Stainless steel can be classified as,

Austenitic – It contains around 18% Chromium and high amounts of Nickel. This form of stainless steel is mostly used to make kitchen appliances and food processing equipment.

Ferritic – It has about 12 to 17% Chromium and a little Nickel in its composition. Titanium and Molybdenum may be present too. It’s mainly used in automotive applications and the manufacturing of industrial equipment.

Martensitic – It has about 11 to 17% Carbon and some Nickel in its makeup. It’s usually found in surgical equipment, pliers, and cutlery. 

3. Alloy Steel

Alloy steel has various other elements in its composition, like Aluminium, Boron, Copper, Lead, silicon, Nickel, Chromium, and Titanium to build a metal with exclusive desired properties. Low alloy steel contains around 1 to 5% alloying elements while high alloy steel has 5 to 50% of them. This form of steel is used in many industries due to its increased strength, wear resistance, and toughness. Alloy steel is also popular because of its low cost, widespread availability, and convenient processing.
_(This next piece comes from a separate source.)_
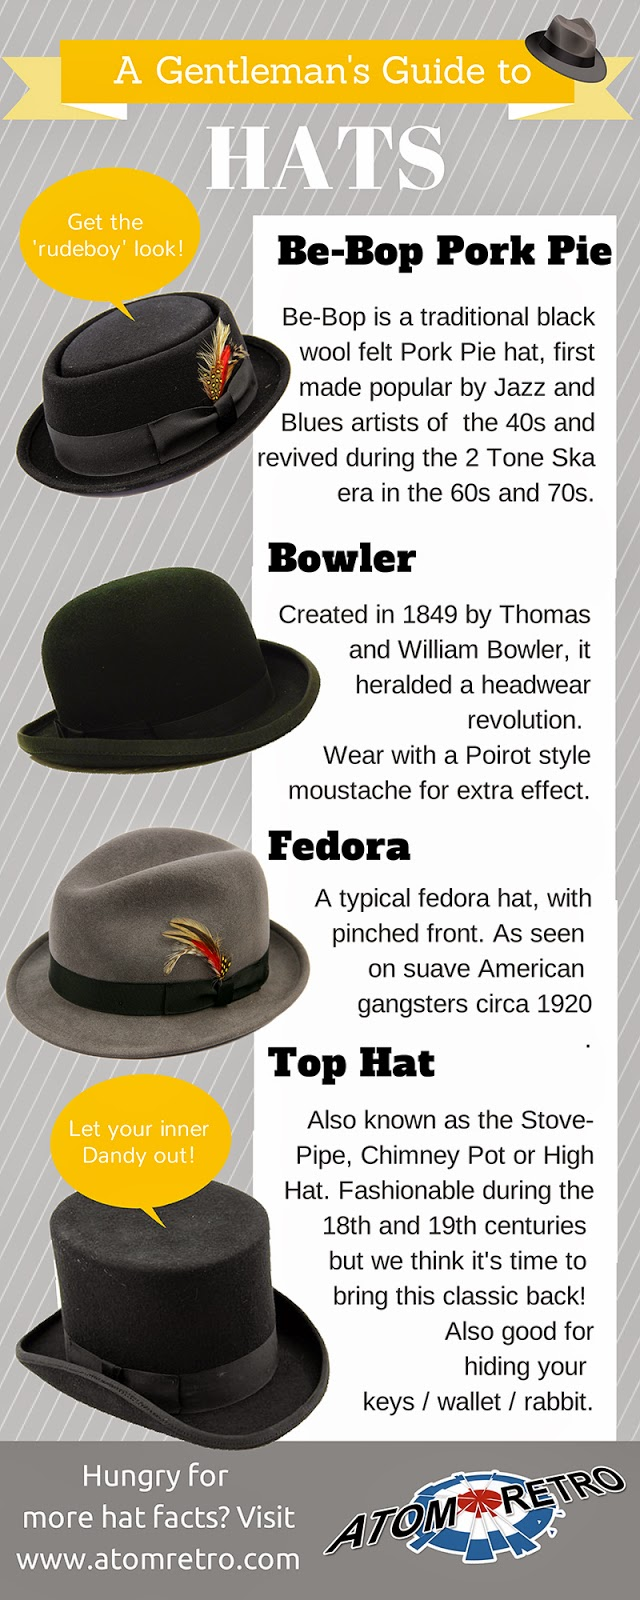 Atom Retro's Gentleman's Guide To Hats (Infographic)

It’s used to manufacture heavy-duty pipes needed for oil and gas drilling, electrical wiring, industrial heat exchangers, transformers, and automotive springs and shocks.

4. Tool Steel

As the name suggests, this type of carbon alloy is specifically used for machine tool manufacturing. The alloy may be made up of Molybdenum, Cobalt, Vanadium, and Tungsten in varying amounts. It is resistant to abrasion, corrosion, or impact. It’s also very strong, durable, and can hold sharpened edges. There are different grades, air-hardening, water-hardening, oil-hardening, shock-resisting and high-speed, etc. meant for specific uses. This alloy is used to make knives, drill bits, power saws, punches, and riveting tools. Since it can tolerate extreme heat, tool steel is also used for forging and casting.

That’s all about a breakdown of the types of steel available and the different purposes they serve.